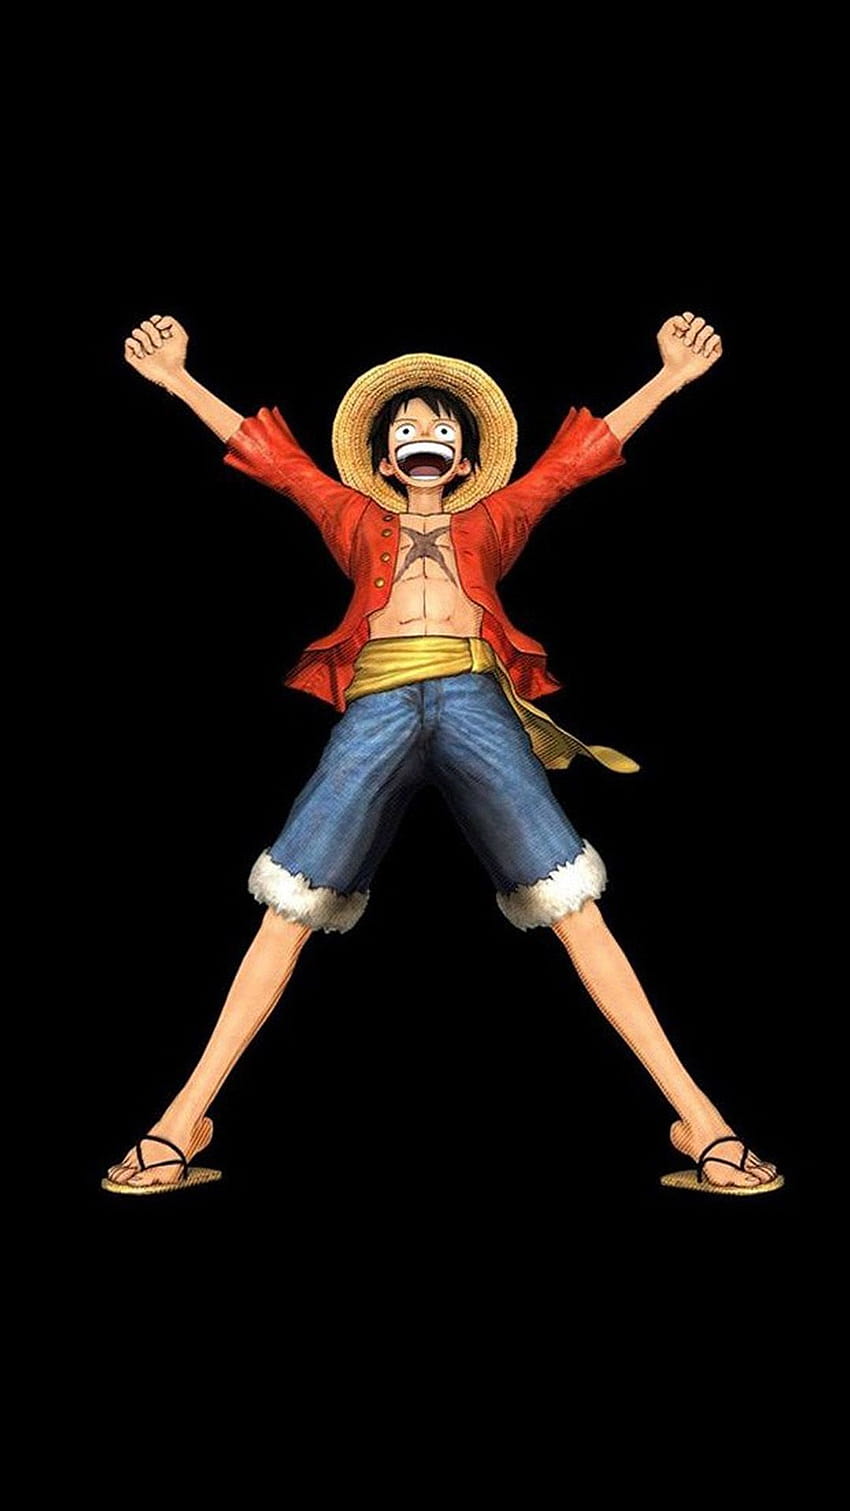 Luffy One Piece Anime For Mobile Pho, luffy mobile HD phone wallpaper
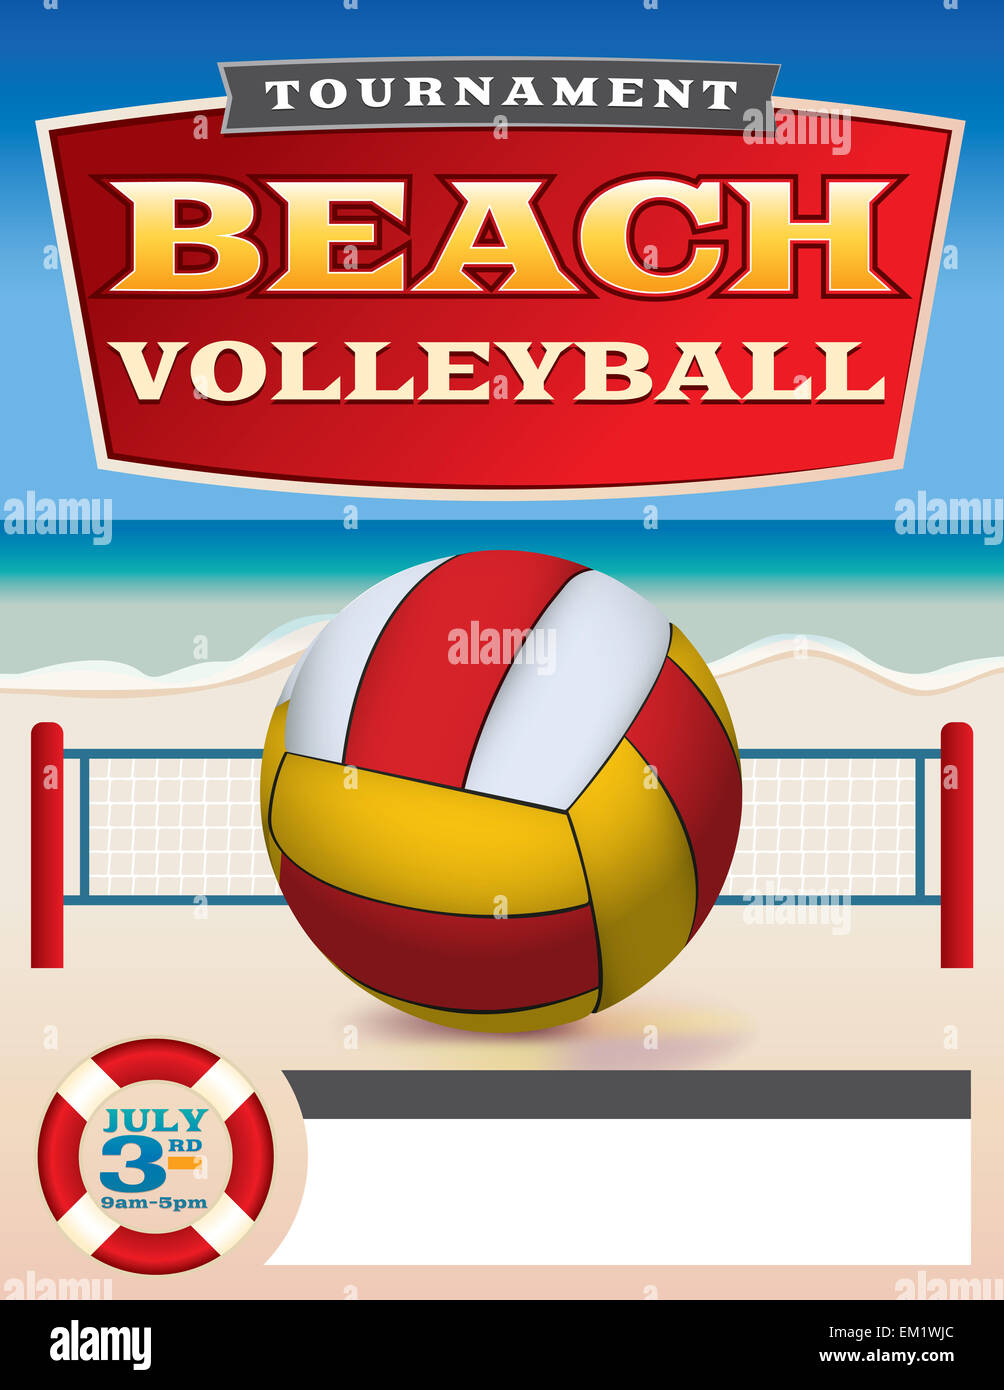 A flyer or poster template for a beach volleyball tournament. Stock Photo
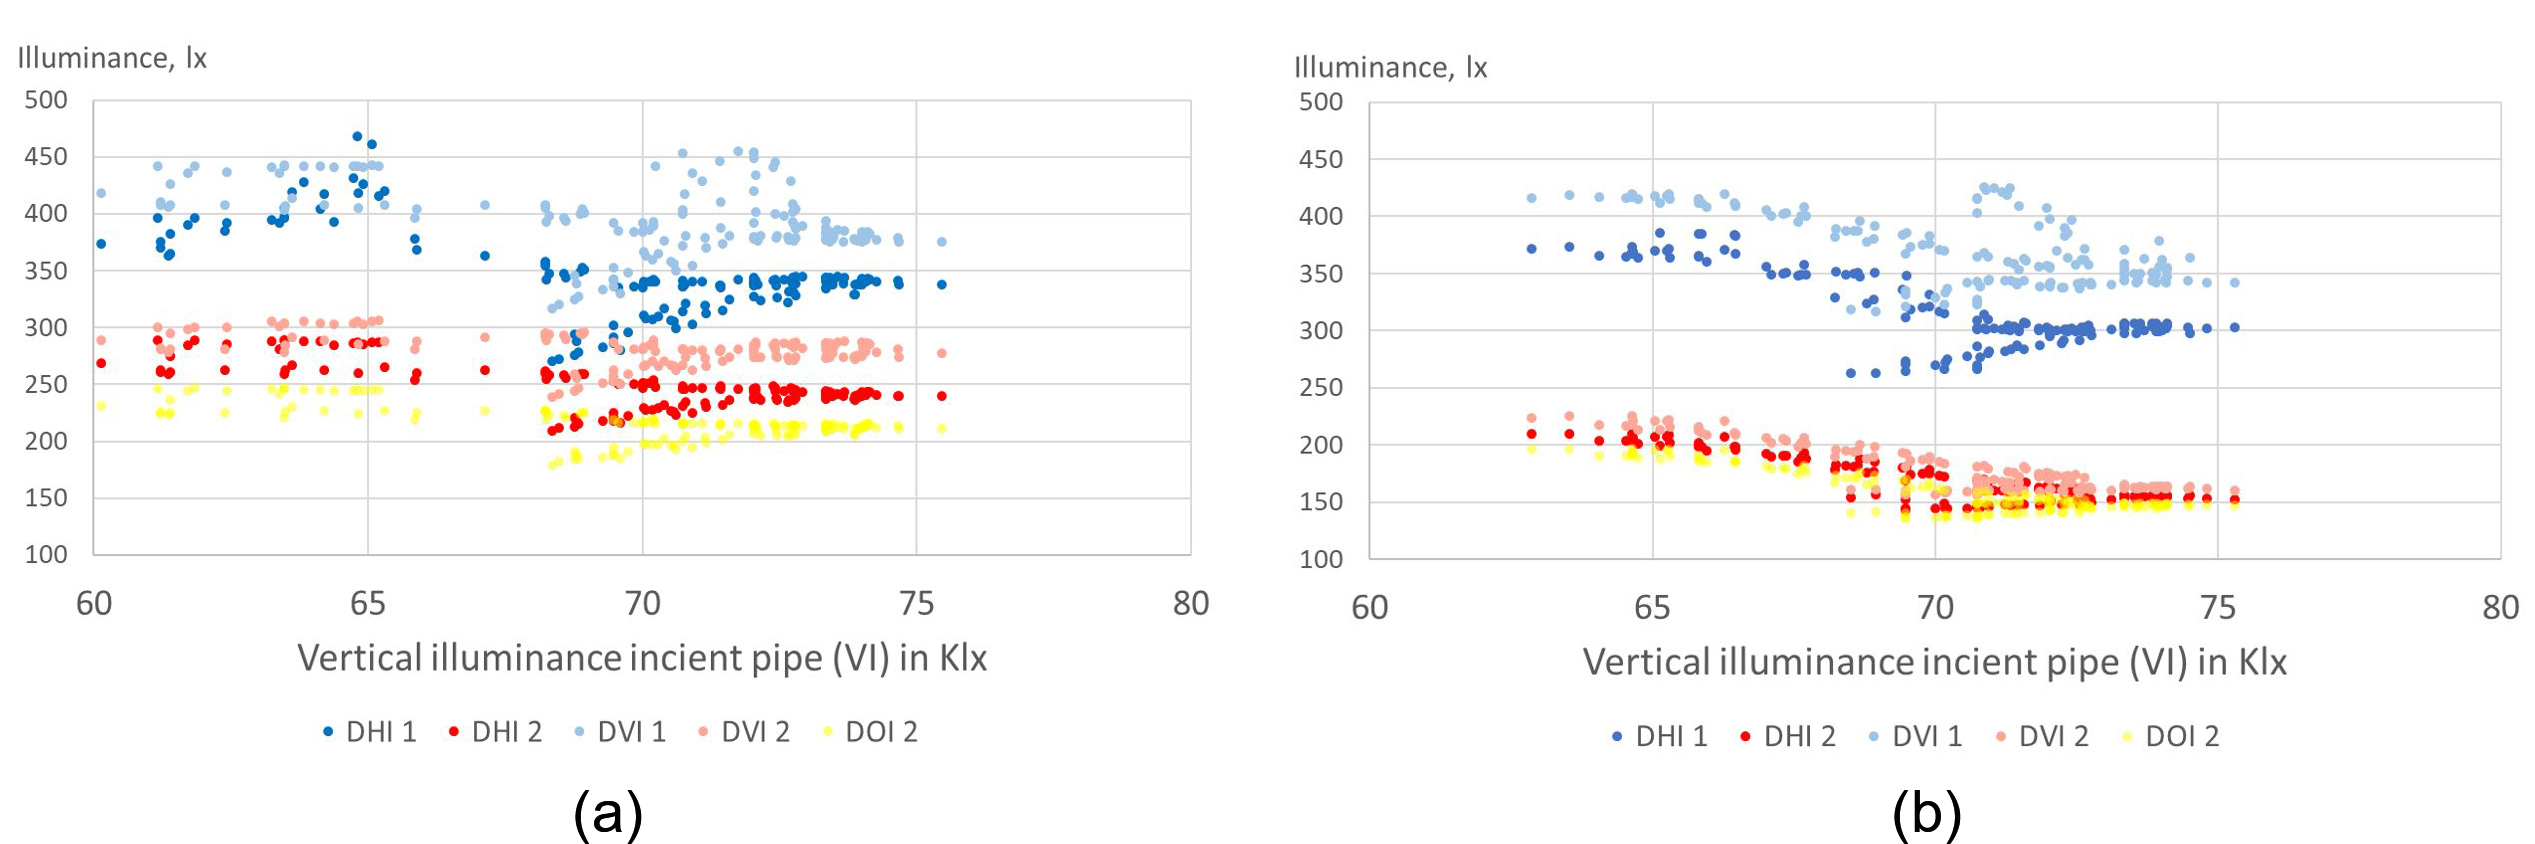 Illuminance values for the test (a) and reference (b) pair days which were recorded between 12:00am and 14:30pm. The scatters show the illuminance values recorded for all five illuminance meters referred to the vertical illuminance (VI); Bluish lines present illuminance recorded for the desk 1 and red, orange and yellow lines present illuminance values recorded for the desk 2.

:::

— TASK —
Omit the pictures, then repeat exactly each line from the beginning of the listing through the line with "A flyer or poster".

— RESULT OF THE TASK —
 Luffy One Piece Anime For Mobile Pho, luffy mobile HD phone wallpaper
 A flyer or poster template for a beach volleyball tournament. Stock Photo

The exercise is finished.